The reason you cannot jump off a building and fly is within this reality/dream, the rules don’t allow that. And while you might think you believe it and actually do at a differentiated ego level, at a deeper level, where we are all connected, you do not believe it.  People who confuse us as individuals with our connected selves or even our Higher Self which does not actually fully enter our body confuse the notion that all is consciousness to mean that anything we imagine or wish for hard enough, we can make come true.  

First, there are the rules of consensus reality. Second, the fact that the ego that you so closely identify with, is not your True Self. And what your True Self wants for you does not always align with what your ego wants. If we controlled this dream from our ego perspective, we would never experience pain or disappointment. Shayna would still be here with me.  But, at some higher level, this is what we wanted.  My Higher Self or our Soul Group or God, if you will ,chose this path and made it happen as much as little Brian here in this meat suit did not want it.

As always, the next question for me is, “So what?”  What real difference does this make?  It helps me to see others as extensions of myself, to try to figure out why they are in my life and what I’m supposed to be learning from them. It helps me to understand that as real and permanent as this world is, it’s simply a place we created ourselves to come and have these experiences.  As Swedenborg called them, the idea of correspondences, came up often in the book.  Correspondences are things in this world that reflect more profound realities. They are clues we leave for ourselves to find to remind us of the deeper spiritual truths and the “real” reality.  Dreams are one of those correspondences.

Looking at the dream state, we can see the analogy to our immersion of ourselves right now into our dreams.  I keep picturing death as waking up in your own bed. It makes sense to me now.  When people leave us, when they “die”, they are simply passing from the dream state to a higher level of reality.  We think of this as the “real” world, and we think of the afterlife as not quite as real, not solid, not substantial. I’ve even heard people in after-life and near-death groups make the mistake of saying, “If it’s all mental, then it’s not real.”. I’ve got news, boys and girls. It’s all mental, including the world we’re in now.

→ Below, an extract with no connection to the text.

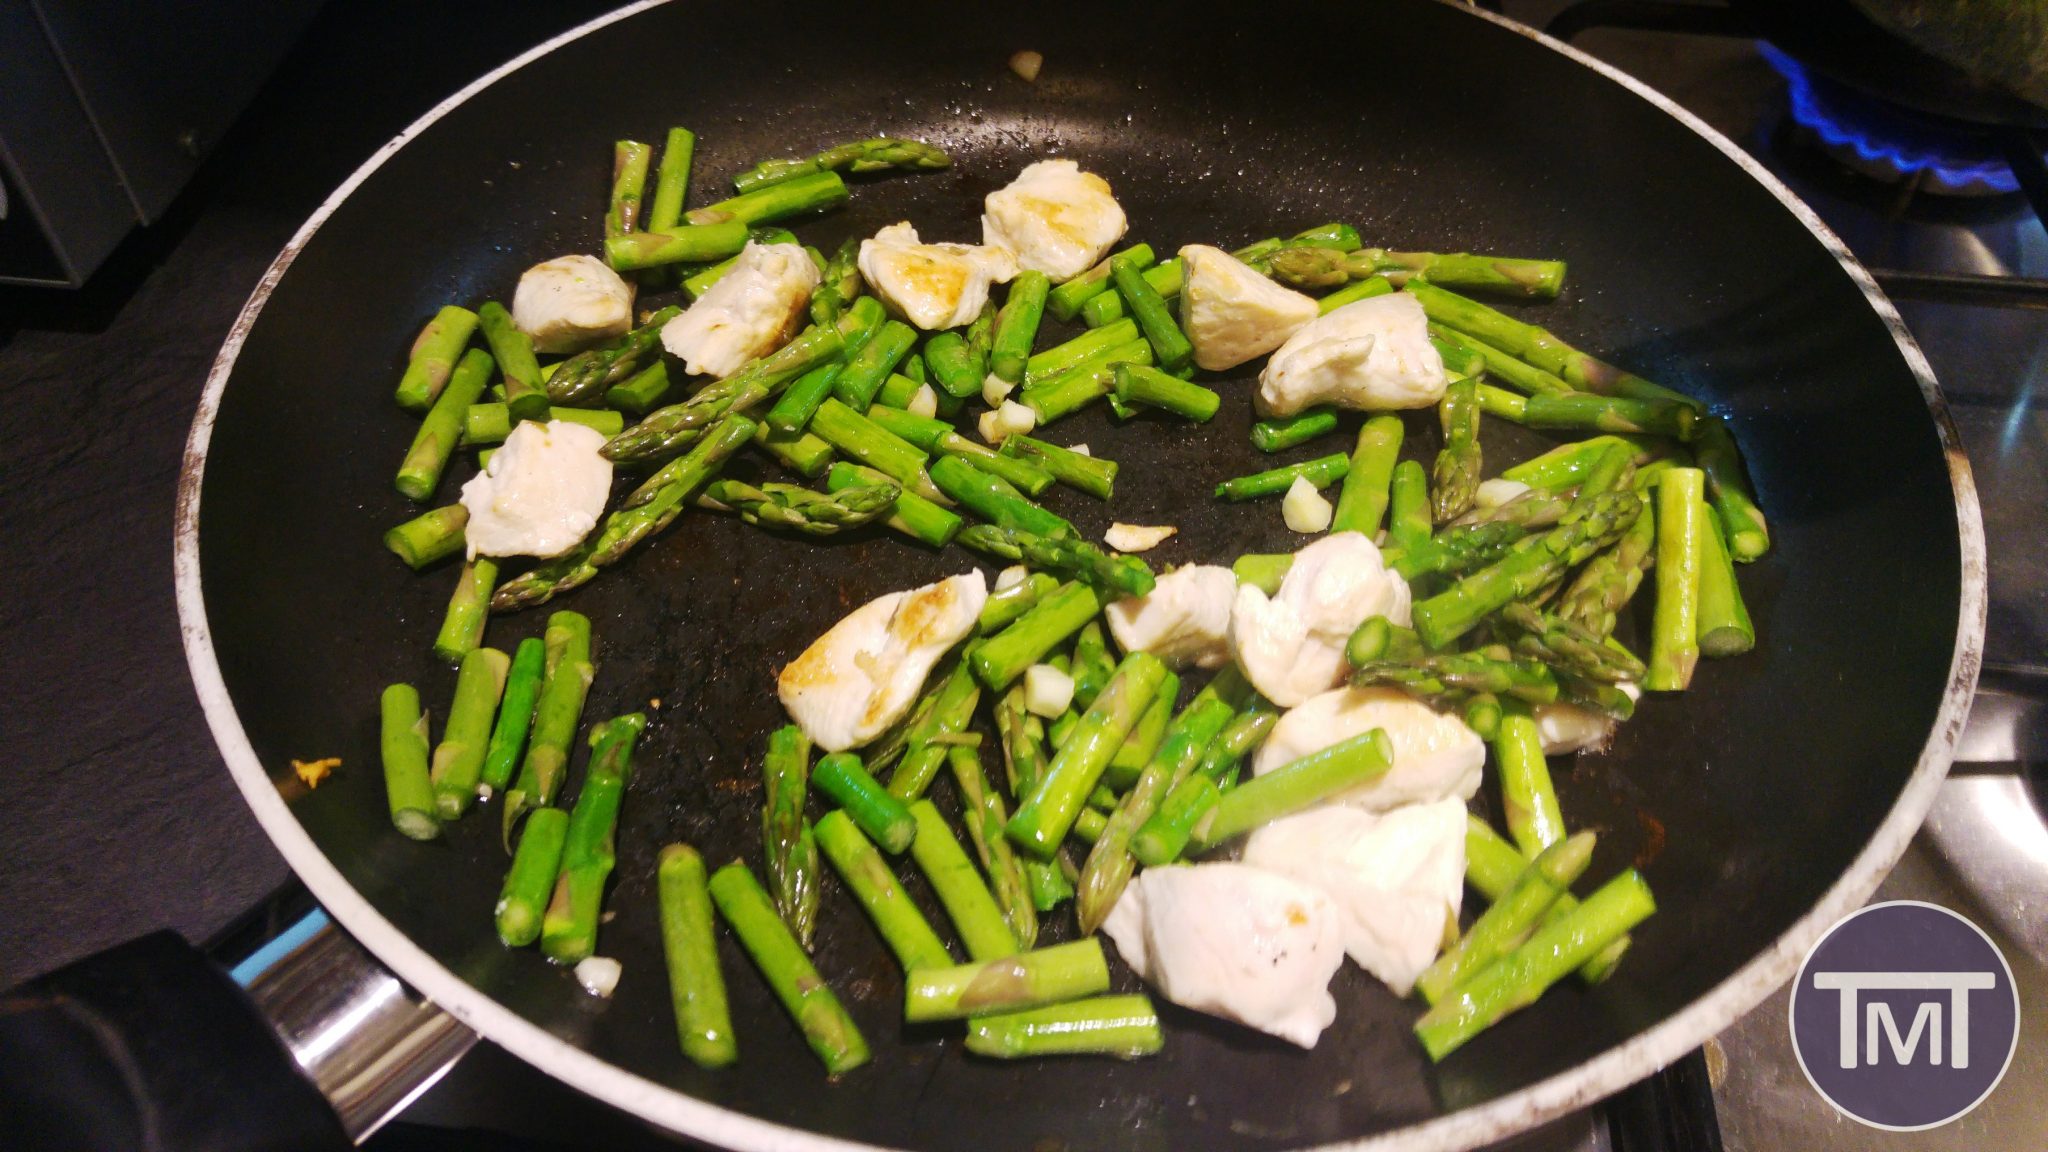 Clean Eating garlic, chicken and asparagus noodles, perfect meal prep idea with minimal clean up. Really quick and easy!

The consensus reality changes in the afterlife, we have different sets of rules, but this world isn’t nearly as solid as you imagine it to be. It’s still difficult to imagine the place where Shayna and Felton and Uncle Michael are to be as real as this place is because it’s so far outside of my ability to comprehend, but I’m trying to come to grips with the fact it’s just as real, it’s more accurate because it’s Home.  When we come to the end of the dream, we’ll wake up, and we’ll be back there, safe and sound.